About getting into I, Tonya this morning: I arrived at the Scotiabank plex 25 minutes before the start of the 10:45 am I, Tonya press screening, and the line was like “you’re fucking kidding me.” All the way down Richmond and then all the way down John and around the corner to Adelaide. I walked back to the front to speak to Wilson Morales, and as we were chatting the line began to move and — what the hell — I kind of slipped in next to Wilson. Just before entering the theatre a TIFF volunteer was asking for little paper stubs that had been handed out to the legit line-waiters, and I just said “uhm, I think I was using a bathroom when they handed them out” and the guy let me slide.
So I was able to see I, Tonya….yaaaay! But wouldn’t you know it made me feel really bad and alienated and out of sorts. If I never see another movie like I, Tonya ever again it’ll be too soon.
Abuse begets more abuse, and abused victims sometimes (often?) seek out fresh replacement abusers. And so Tonya Harding‘s bitter, chain-smoking mom, Lavona, beat and belittled her daughter from age of 7 onward, and as teenaged and then 20-something Tonya ascended in the figure-skating realm she became a ferociously angry abuser herself with a huge chip on her shoulder…what else?
Tonya married and then separated from an abusive, moustache-wearing asshole, Jeff Gillooly, who conspired to have Harding’s skating rival Nancy Kerrigan temporarily disabled with a police-baton blow to the knee, and with many presuming, fairly or unfairly, that Harding was aware of Gillooly’s plan and was more or less down with it.
Most of us are up to speed on Harding‘s sad life and the pathetic tabloid calamity of the Kerrigan conspiracy.
Craig Gillespie‘s I, Tonya, an exaggerated, pugilistic black farce that some are calling grimly comedic, is all about the Harding catastrophe, and it’s definitely the Toronto Film Festival movie to see and get walloped by right now.
I, Tonya press-screened this morning at 10:45 am.
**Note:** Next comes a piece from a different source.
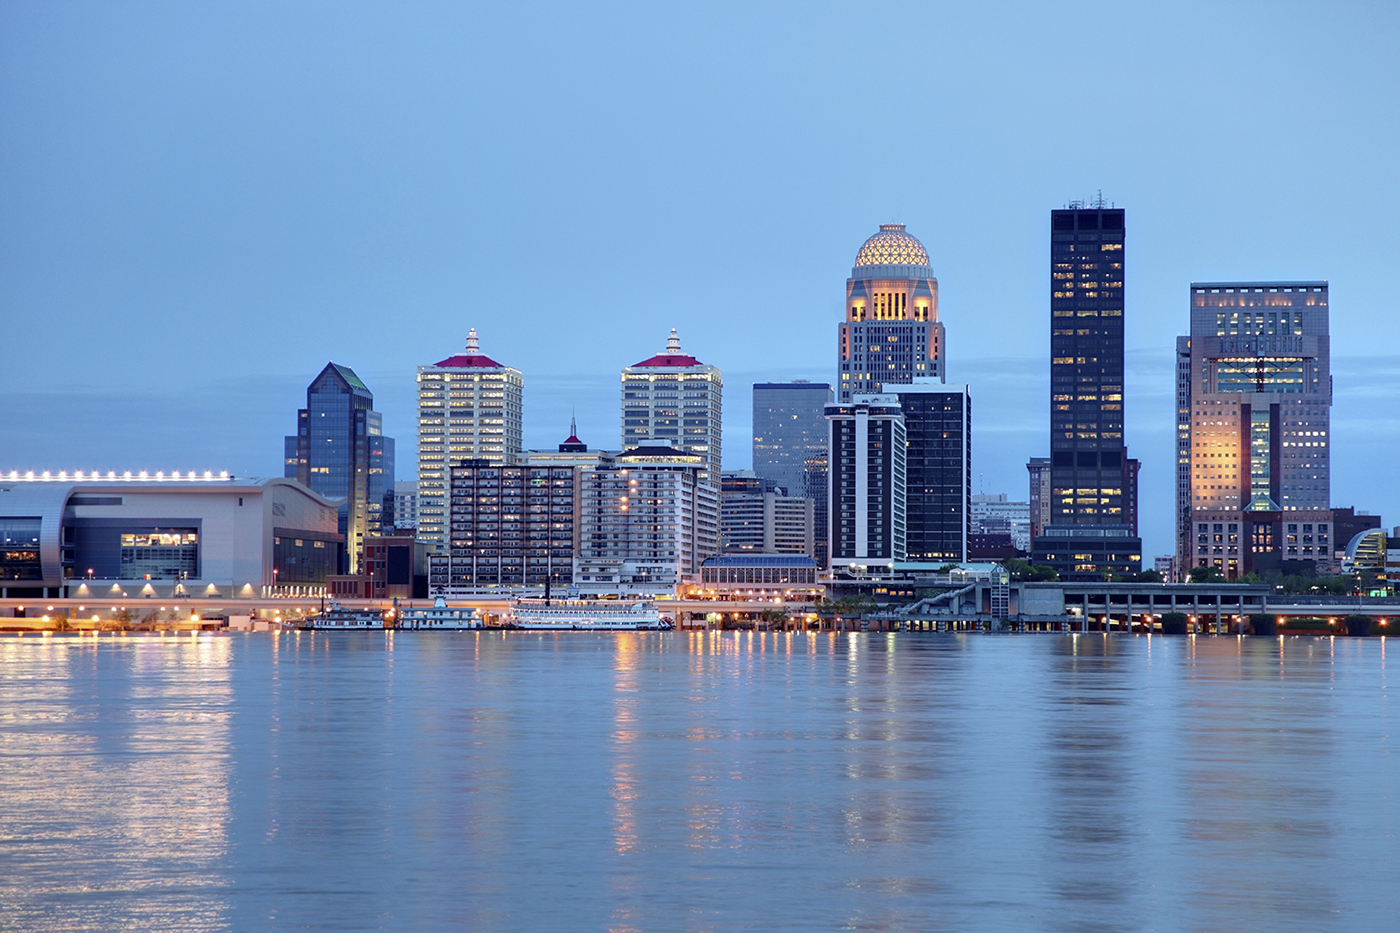 A skyline of a modern city with illuminated buildings reflected in a large body of water during twilight.

Well, actually 11:05 am because it took so long to get everyone in. I was there and dealt with the long, horrible, hope-crushing line that stretched east along Richmond and south down John Street. I saw it and I ate it, suffering the blows and bruises and the eye-popping realization that I, Tonya currently has a 100% Rotten Tomatoes rating.
The cool kidz love it, but I’m telling you that unless you have a strange liking for the company of losers, abusers and total dipshits, you’ll definitely want to steer clear of this cesspool exercise. It lasts 119 minutes, and it feels, trust me, like 139 or 149.
When it ended I turned to the guy next to me and said, “How long was that?” “Two hours,” he said. “Good God,” I replied.
Am I the only honest, straight-shooting journo-critic in Toronto right now? I, Tonya is cinematic abuse, pure and simple. It’s an ugly pill from hell — a violent, vulgar, relentlessly profane assembly of lower-middle-class white-trash types beating on each other and smoking and swearing and losing their tempers and causing cuts and swellings. It’s a tacky portrait of American self-loathers, brawlers, grotesques, hungry-for-famers, human garbage, etc.
I tweeted the following just after 1 pm today: “I, Tonya is an ugly, abusive, lower-class tale about a demimonde of ugly, abusive, lower-class people. A movie full of rage and resentment. A toilet-bowl downswirl of wretched, lower-middle-class misery.